Exercise prompt | With the pictures omitted, write out all of the listing exactly.

Given information |

◇ ◇ ◇ ◇ ◇

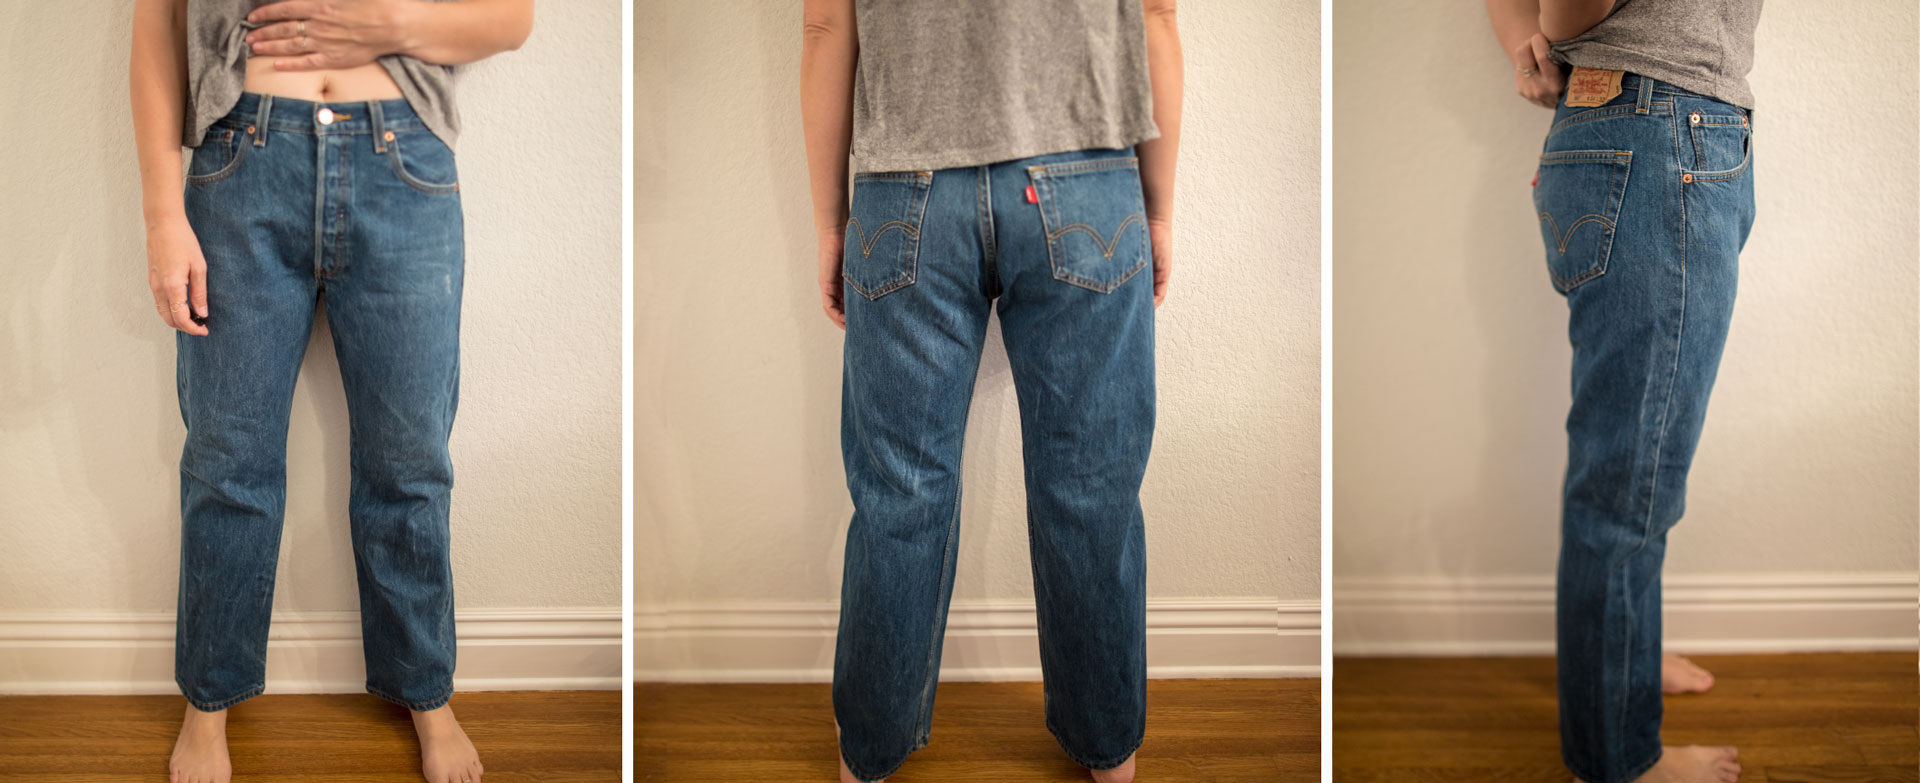 Levi Jeans Conversion Chart
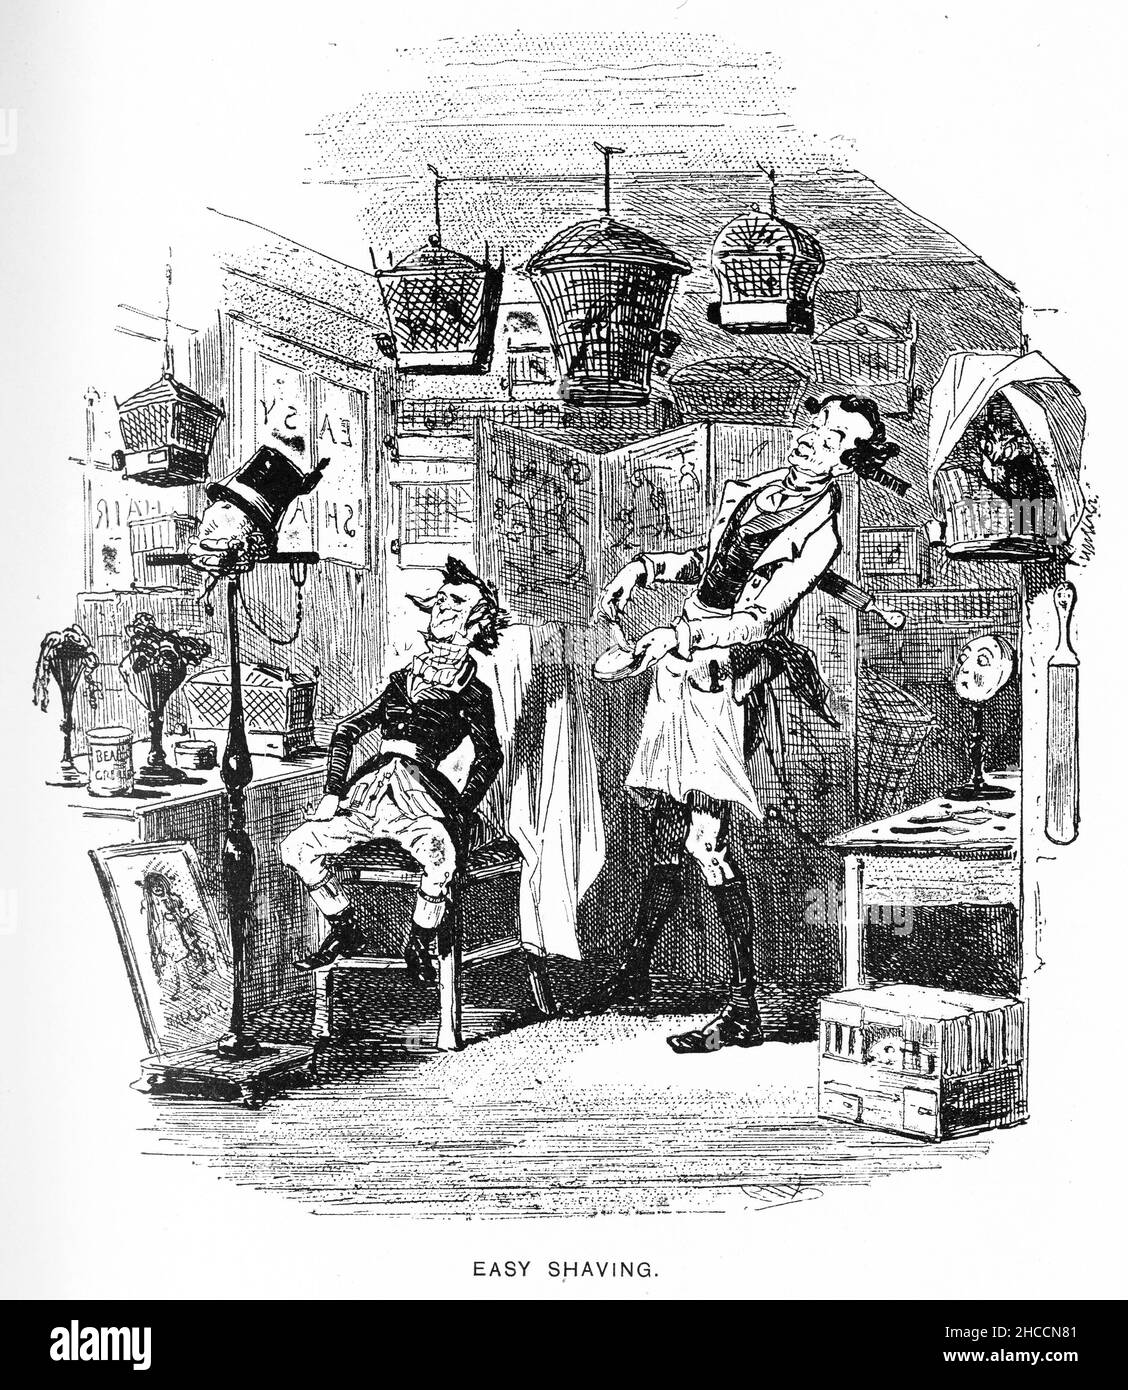 Gravur eines Barbiers bei der Arbeit bei Easy Shaving, einer Szene aus einem viktorianischen Buch von Charles Dickens, veröffentlicht um 1908. Beachten Sie die Reflexion im Spiegel rechts. Stockfoto
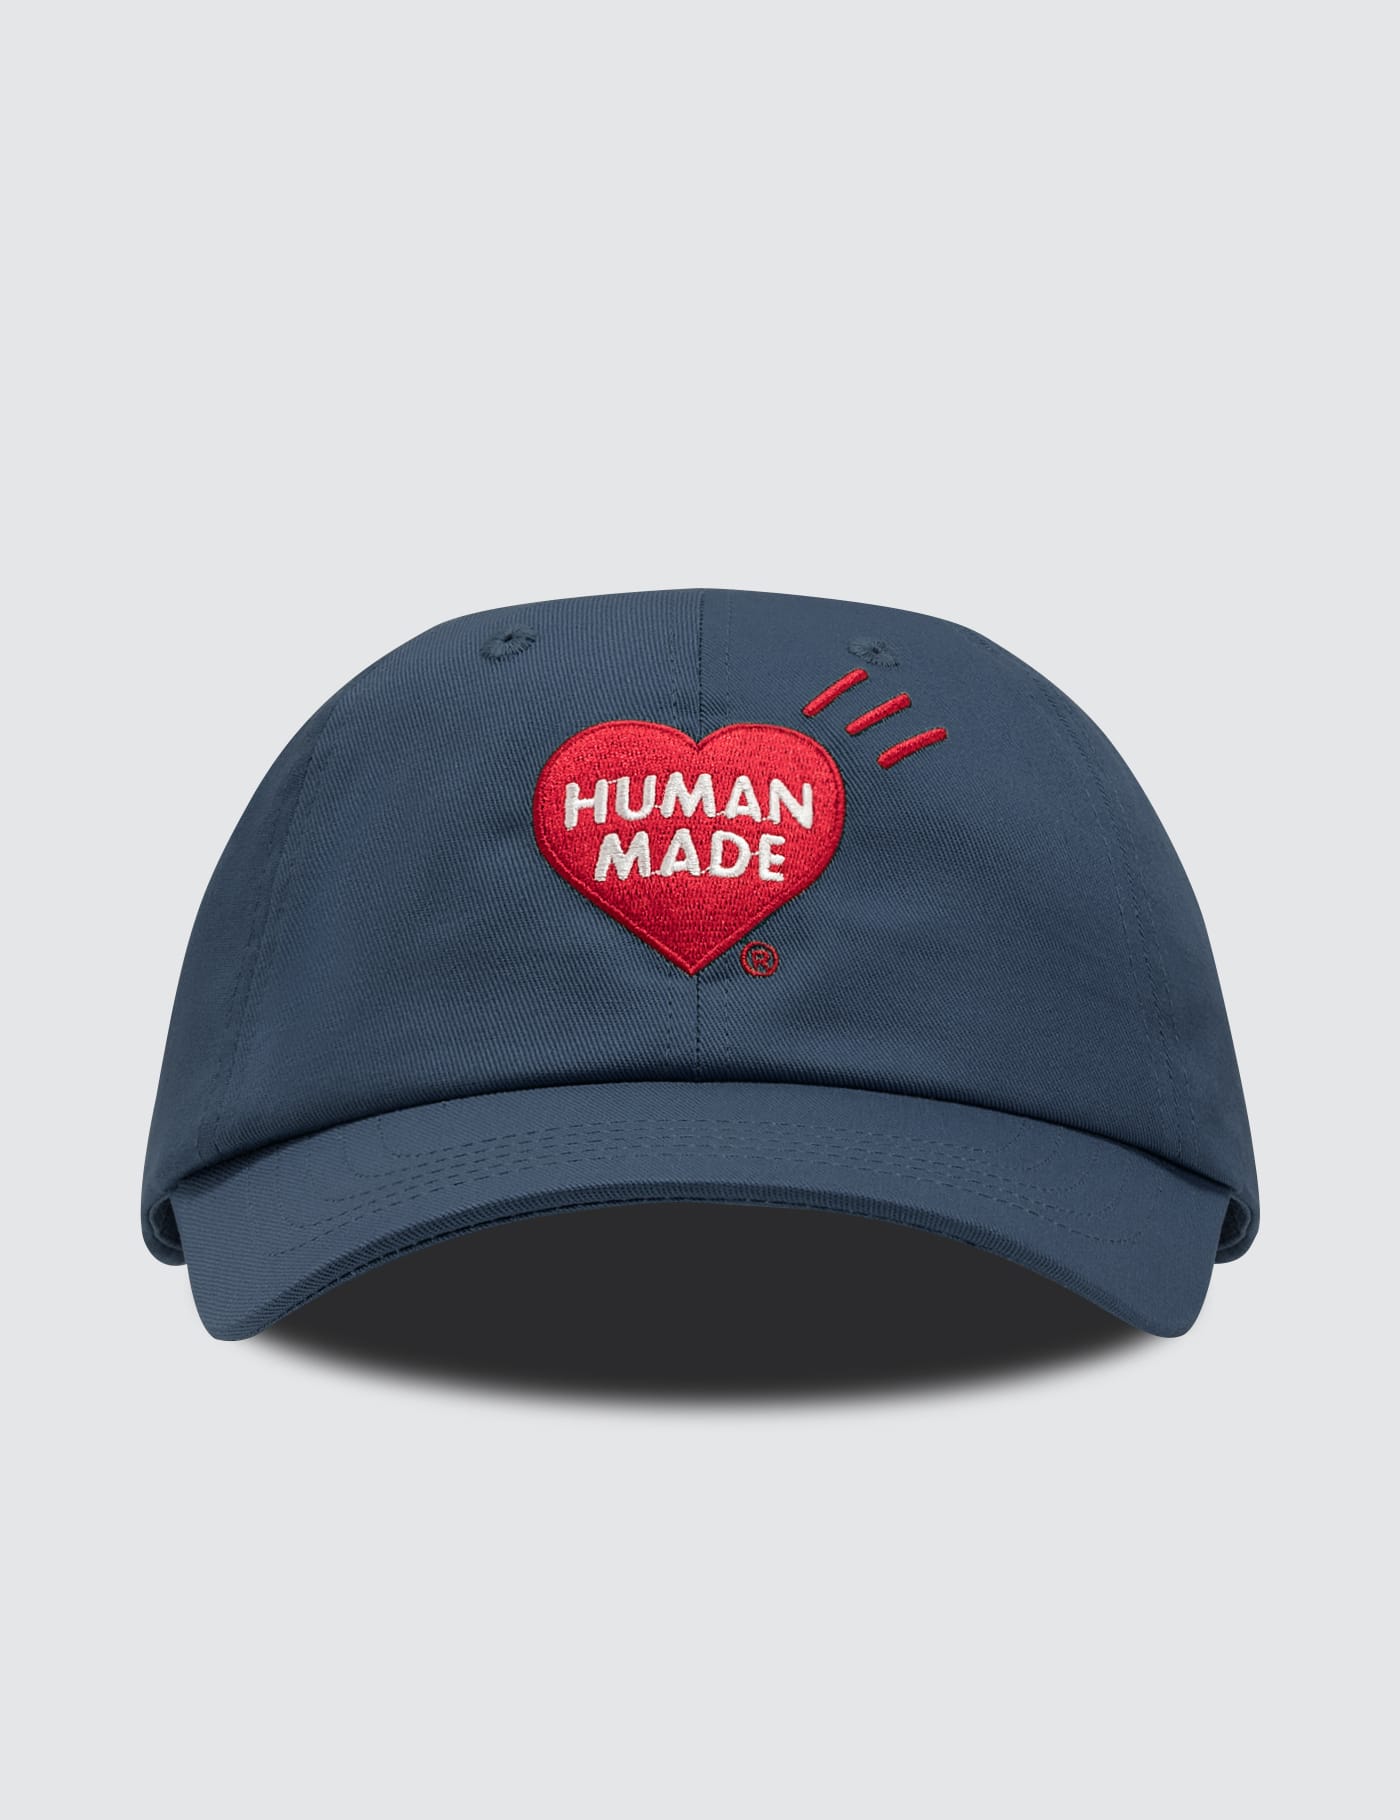 human made cap

◇ ◇ ◇ ◇ ◇

Answer section |
 Levi Jeans Conversion Chart
 Gravur eines Barbiers bei der Arbeit bei Easy Shaving, einer Szene aus einem viktorianischen Buch von Charles Dickens, veröffentlicht um 1908. Beachten Sie die Reflexion im Spiegel rechts. Stockfoto
 human made cap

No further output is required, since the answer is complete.